Speaker
Description
Introduction: Tissue function depends on the intricate 3D organization of cells, matrix components, bioactive cues, and dynamic factors like nutrient and oxygen gradients, and mechanical forces. Advances in bioprinting have enhanced cellular organization, yet full tissue maturation, critical for biological function, often requires post fabrication measures. Here, we introduce a novel method to converge volumetrically bioprinted chip constructs with increasing channel complexity and a custom bioreactor to enable microfluidic perfusion. Establishing imaging-based analyses, we provide benchmarks to assess the developed platform and apply this workflow to the creation of a human mammary gland model. Here, the effects of perfusion underline the influence of mechanical stimulation on cell organization. Finally, to increase complexity of the model, we demonstrate the co-culture of two ductal structures—a mammary and an endothelial duct— as a step towards vascularized mammary models.
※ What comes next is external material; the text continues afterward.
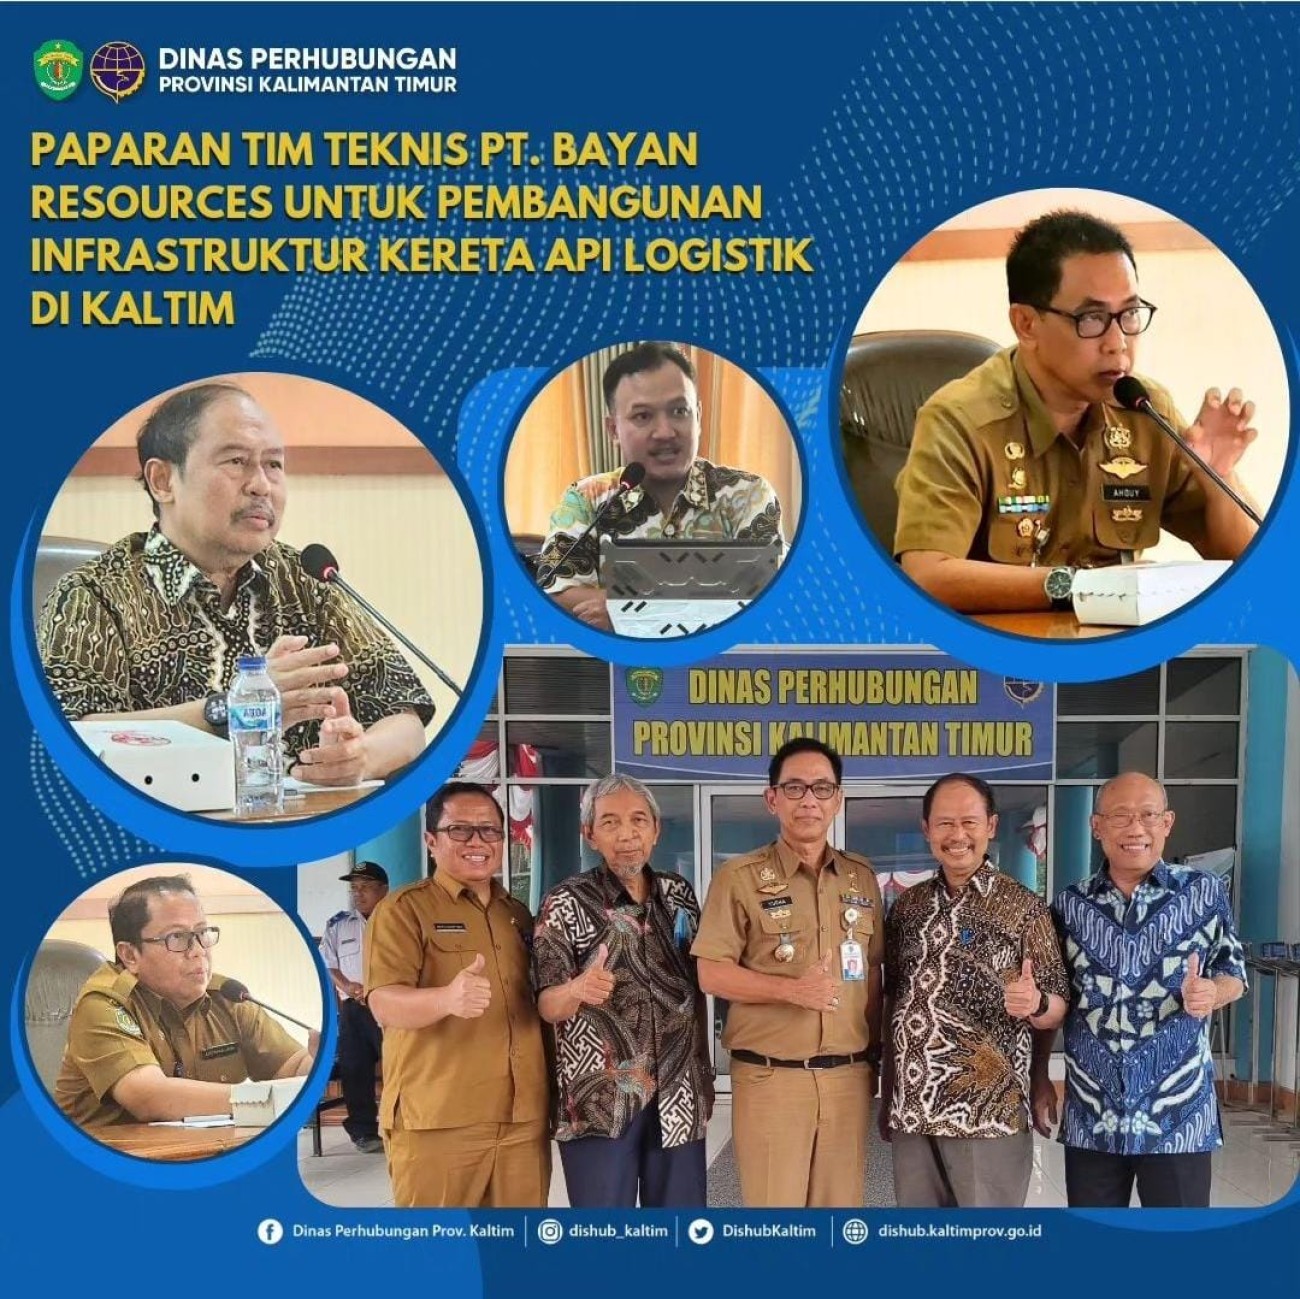 Paparan Tim Teknis PT. Bayan Resources untuk Pembangunan Infrastruktur Kereta Api Logistik di Kaltim

Methods: To fabricate the chips, volumetric bioprinting (VBP) was performed with gelatin methacryloyl supplemented with photoinitiator lithium phenyl-2,4,6-trimethylbenzoyl-phosphinate. Printing accuracy was assessed through computational nominal actual comparison of the printed object (from lightsheet microscopy images) to the original STL file. Cell seeding optimization used human umbilical vein endothelial cells (HUVECs) and MCF10A cells at varying densities (7.5–60 million cells/mL) with channel coatings of poly-L-lysine, collagen type I, or both. A custom platform enabled automated chip rotation, and cell coverage was analyzed from segmented confocal images. To enable dynamic culture, an autoclavable and transparent CNC-milled perfusion bioreactor was developed. Chips were seeded with MCF10A to assess monolayer formation and cell polarization. As a proof of concept, a dual-channel chip incorporating an MCF10A and an endothelial channel was fabricated.
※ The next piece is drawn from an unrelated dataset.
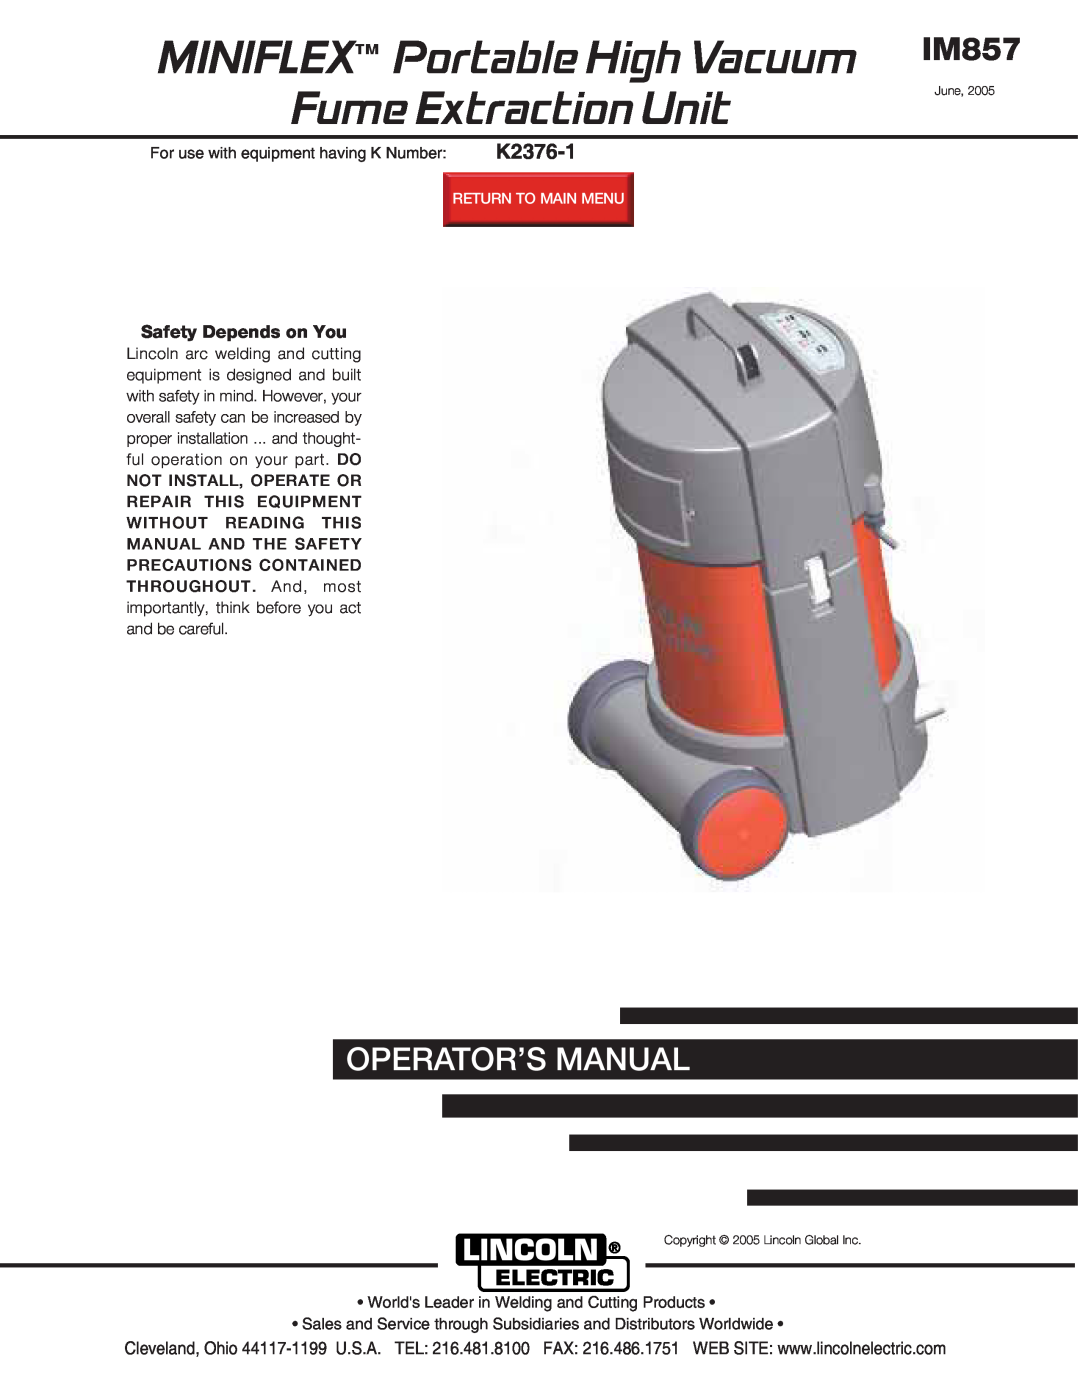 Lincoln Electric IM857 manual K2376-1, MINIFLEX Portable High Vacuum, Fume Extraction Unit, Operator’S Manual

Results and discussion: Chip constructs with 500-1000µm-diameter channels were printed with minimal deviations (1.94±2.96%) compared to the STL file (Figure 1A). Seeded chips were rotated for 6 hours (90°/10min), and specific coating and density conditions were optimized for both MCF10A and HUVECs (>80% channel coverage). Inclusion of the chips into the bioreactor enabled leak-free perfusion for 21 days, as well as efficient imaging without compromising sterility (Figure 1B). Channels seeded with MCF10A formed a tight epithelial monolayer when cultured dynamically compared to static controls. Furthermore, cell polarization was enhanced in perfused constructs, as observed by CK14 (basal) and CK8/18 (luminal) localization, and cell alignment could be controlled by changing the positioning of the print in the printing reservoir. In a two-channel chip, both endothelial and mammary epithelial cells could be cultured in independent channels, as close as 200 µm from each other, with the mammary channel possessing lobular structures to better mimic mammary duct architecture (Figure 1C,D).
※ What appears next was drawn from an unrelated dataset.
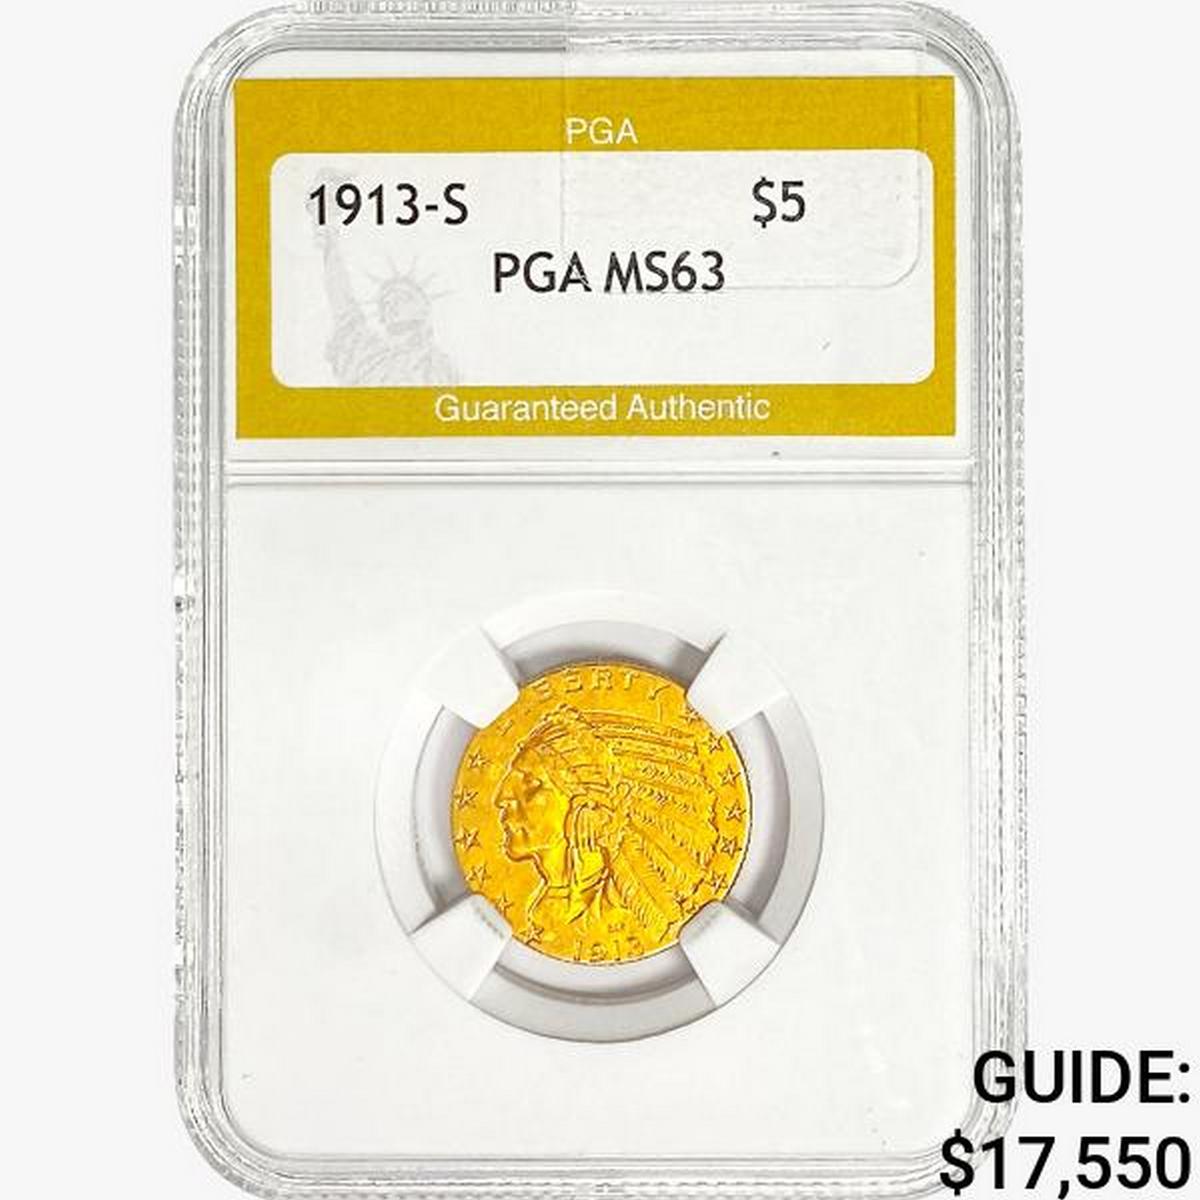 1913-S $5 Gold Half Eagle PGA MS63

Conclusions: We present a biofabrication pipeline combining VBP and dynamic perfusion in a custom platform. Using a mammary gland model, we highlight the impact of perfusion on cell organization and polarization, offering a valuable tool for studying healthy and diseased tissues. Open source, imaging-based workflows were developed for chip characterization, and the platform's modifiable digital models enable adaptation for diverse tissue engineering applications, advancing disease modeling and drug screening through native like dynamic culture.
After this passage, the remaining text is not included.